- Directed by: Alyona Polunina
- Written by: Alyona Polunina
- Produced by: Alyona Polunina
- Cinematography: Alyona Polunina
- Release date: 4 October 2004;
- Running time: 25 min.
- Country: Russia
- Language: Russian
- Budget: 10 000 RUB

= Da, smert =

Da, smert (Да, смерть; translated as Yes, death or Viva la Muerte) is a 2004 documentary film by Russian filmmaker Alyona Polunina.

Polunina's film became a finalist for the Laurel Award in the nomination "best debut".

==Content==
The film shows national-bolsheviks who lived in squatted headquarter of NBP in Moscow.

==Cast==
- Vladimir Linderman
- Eduard Limonov
==Critical response==
Valery Kichin noted:
The film left a feeling of that vague danger that visits everyone at the sight of a pack of feral teenagers, you want to cross to the other side of the street. But how can an entire country cross over to the other side? These are teenagers now. But teenagers grow up.

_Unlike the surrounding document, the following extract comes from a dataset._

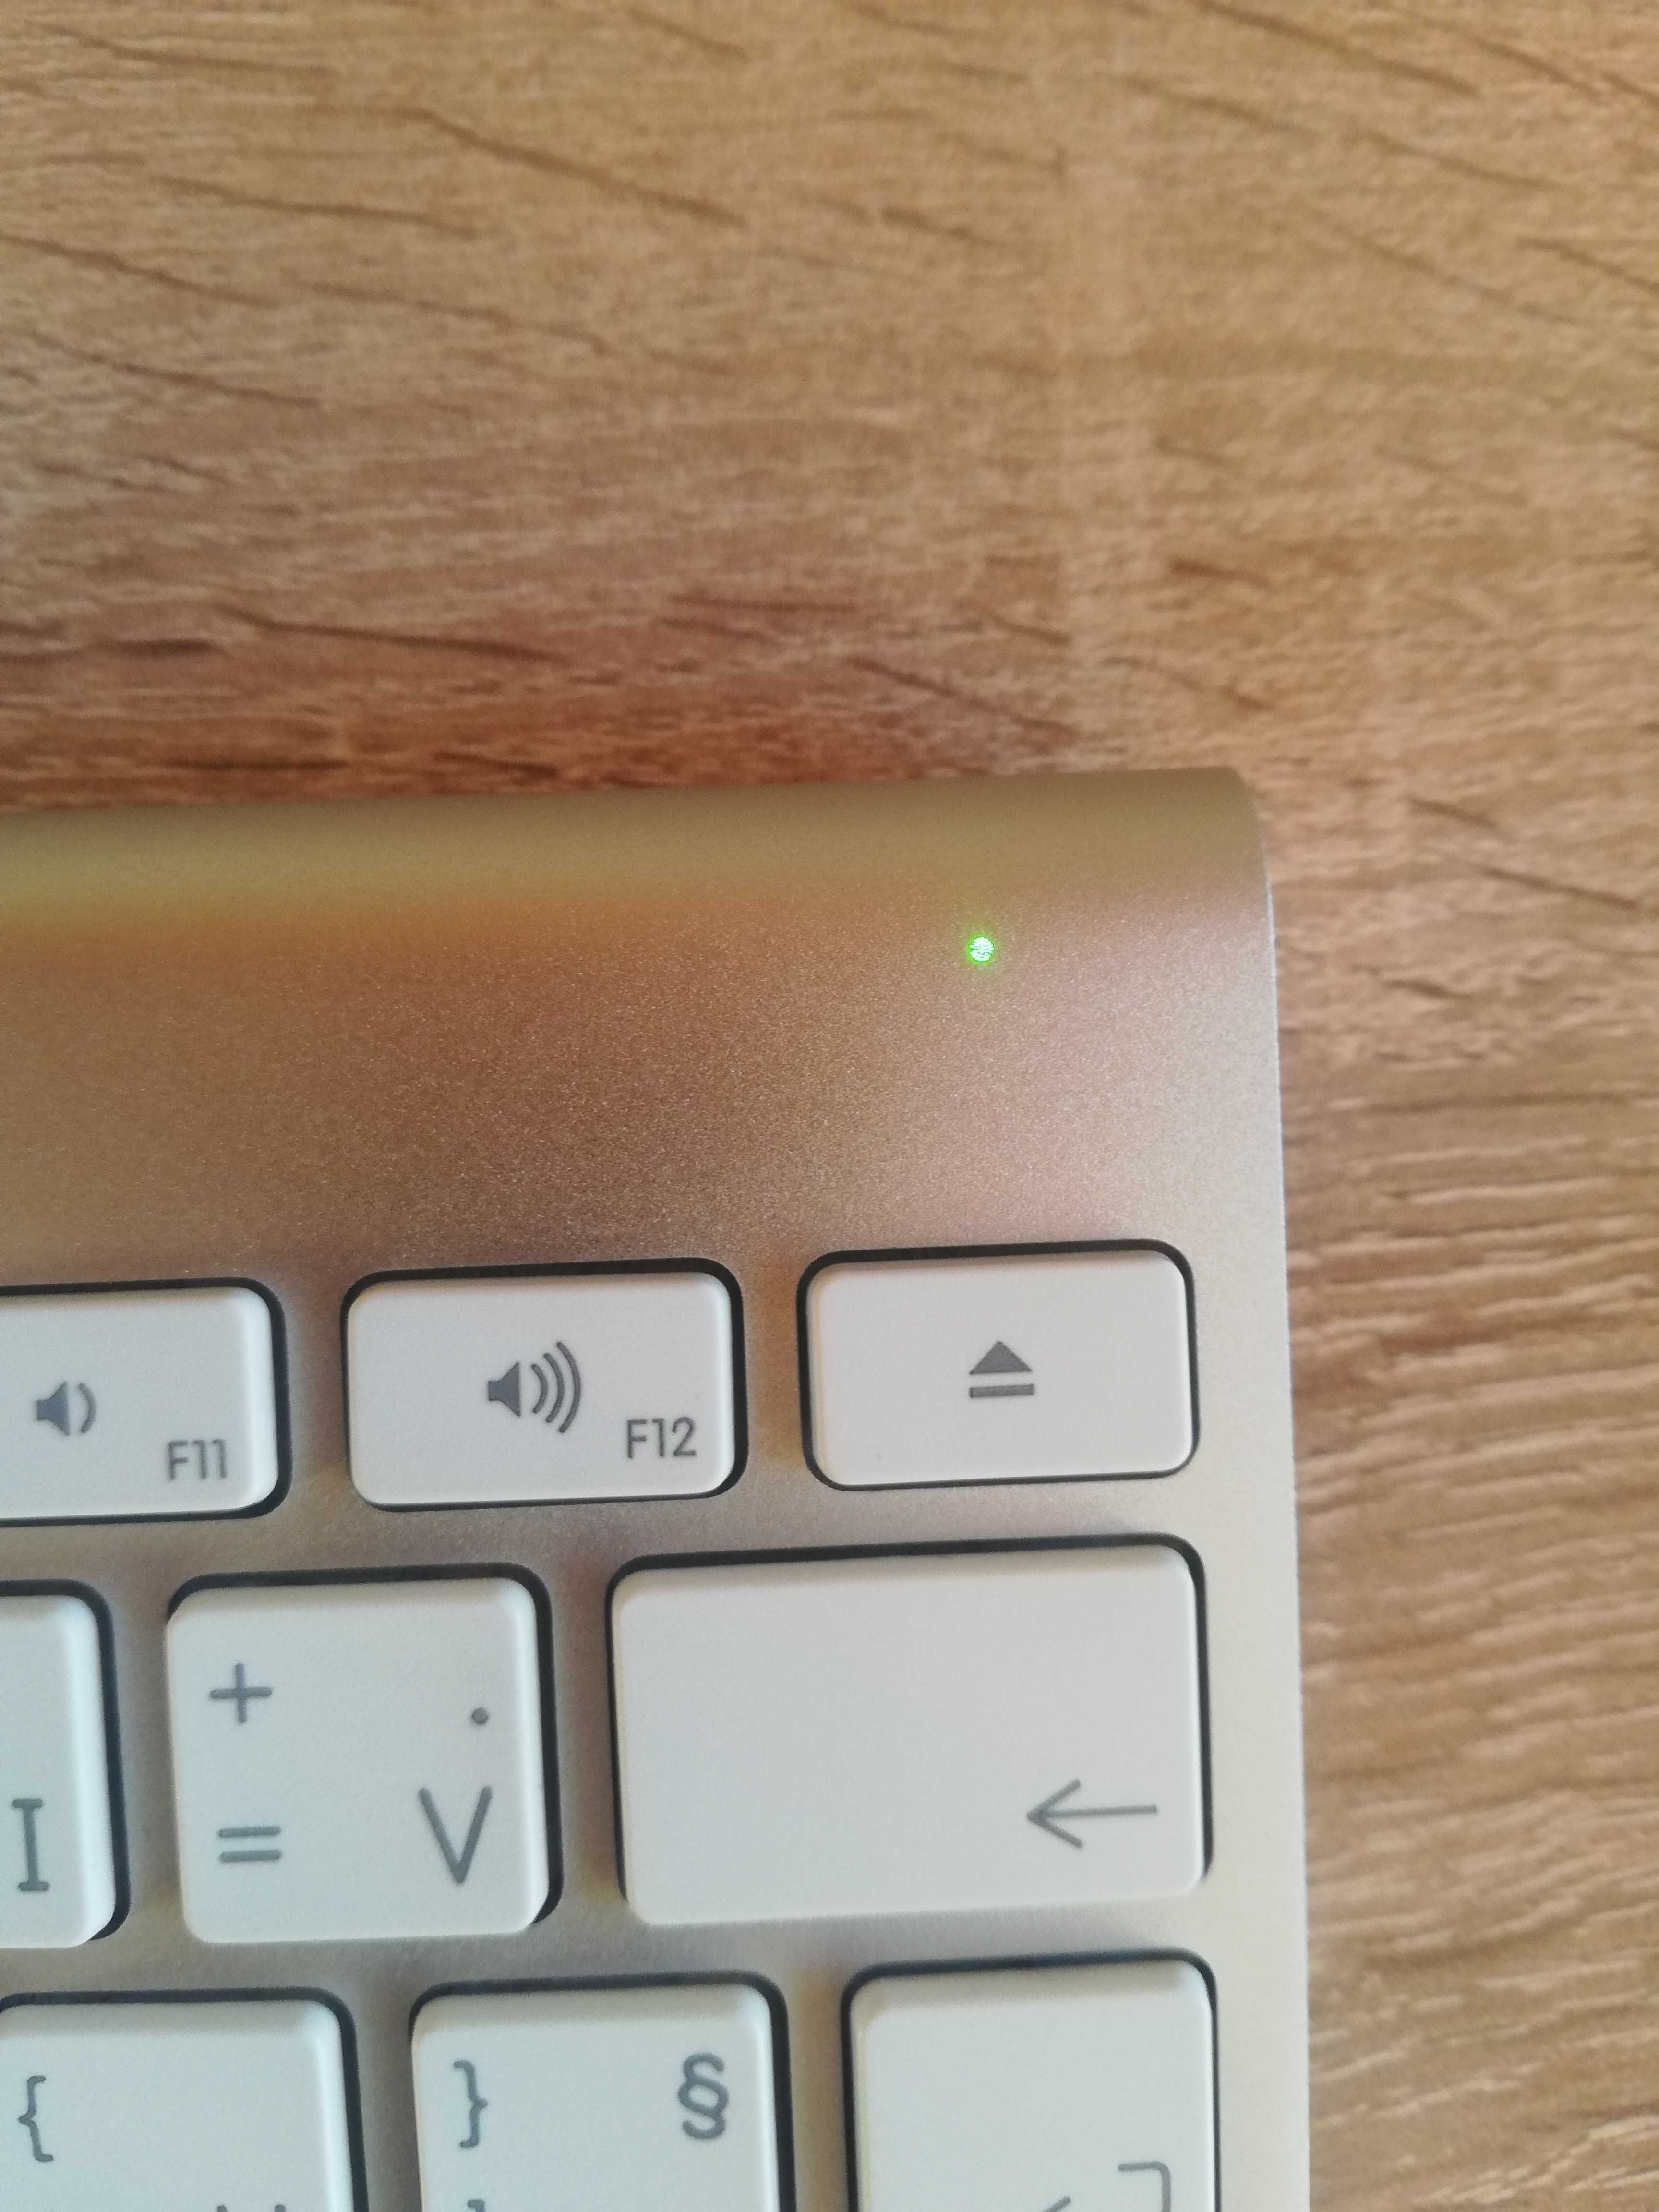 Apple Magic Mouse мишка и клавиатура А1314 A1296
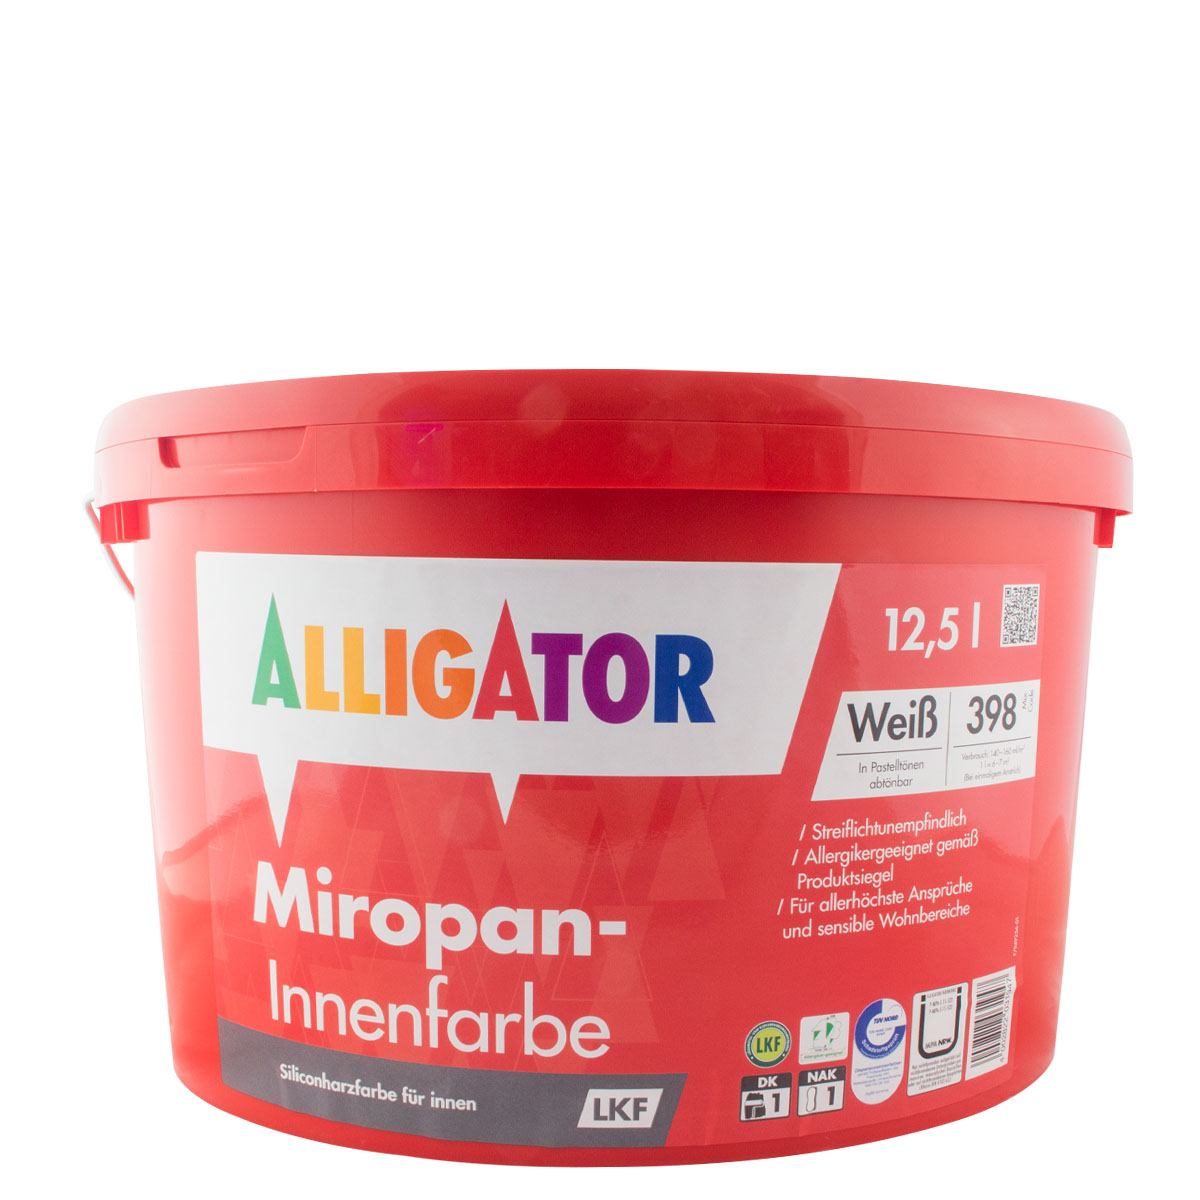 Alligator Miropan Innenfarbe LKF 12,5L weiß, Siliconharz-Innenfarbe

According to Svetlana Tolmacheva (Radio Svoboda),
When starting the filming of the film, Alyona Polunina first of all wanted to understand for herself who and why came to the National Bolshevik Party, whose members, as you know, hold very radical views. Alyona Polunina has formed an opinion about them as idealists and incorrigible romantics. The director even felt a certain sympathy for her characters.